Flavopiridol-treated B16/F10 cells stably overexpressing the OVA gene were not susceptible to CD8-positive cytotoxic T cells, which have a selective toxicity towards OVA-expressing cells. Cells not pretreated with flavopiridol underwent major cell death, while parental B16/F10 that do not express the OVA antigen survived. It is important to remember that reduction in phosphoserine 2 and H3K36 trimethylation level on 25-nanomolar flavopiridol treatment does not guarantee a reduction in both phopsho-STAT1 and phospho-NF-kappaB level.
Each mouse carcinoma line is unique, and JAK1 and CCNT1 may rescue the effect of flavopiridol.

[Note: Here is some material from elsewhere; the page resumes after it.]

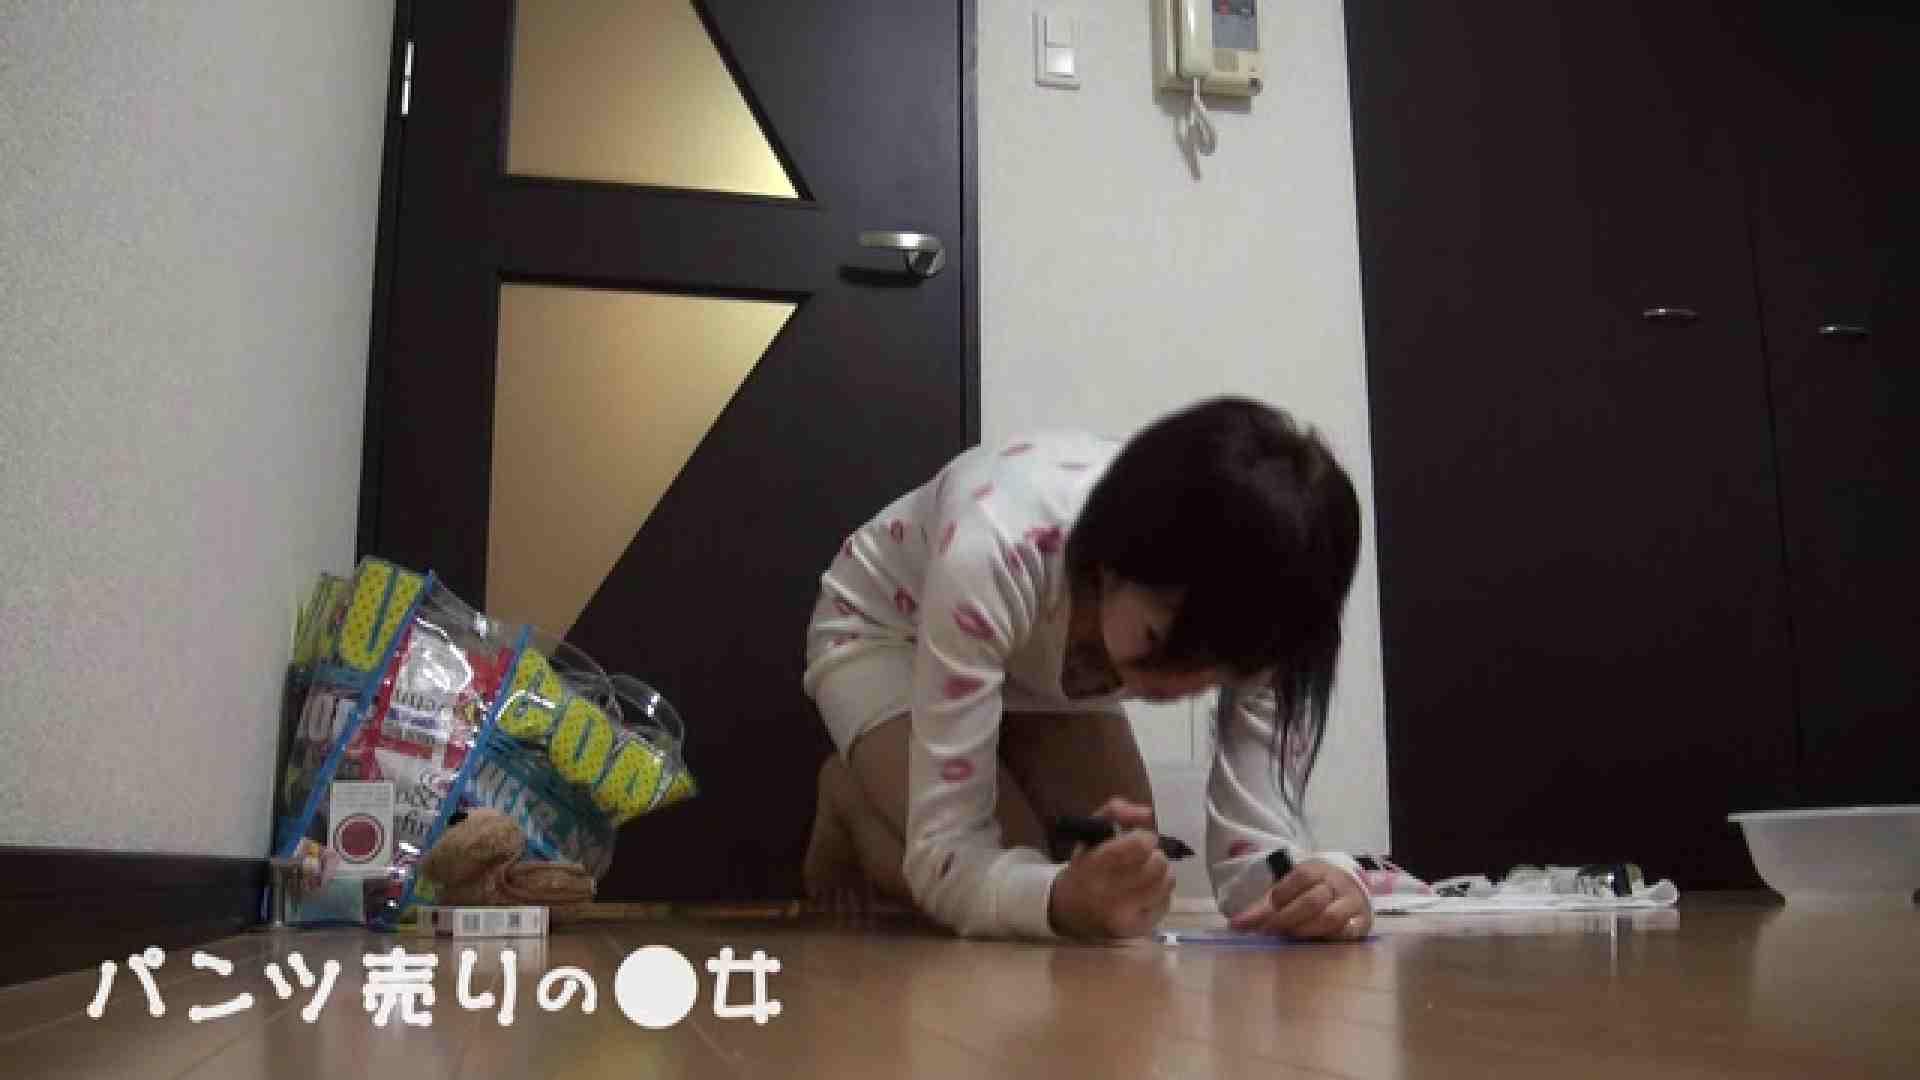 新説 パンツ売りの女の子nana 一般投稿  41連発 39

Additionally, this model can be used in vivo to monitor the resistance offered by TEdeff cancers against innate and adaptive anti-tumor immune responses. For example, anti-asialo treatments could be used to regulate the activity of NK cells, and immune checkpoint therapy could be administered to TEdeff tumor-bearing mice.
The tumor-infiltrating lymphocyte, or TIL, load is an indicator of success in immunotherapy. Our model has paved the way for us to explore the extent of activation and exhaustion of TILs in the TEdeff cancer microenvironment both before and after immunotherapy.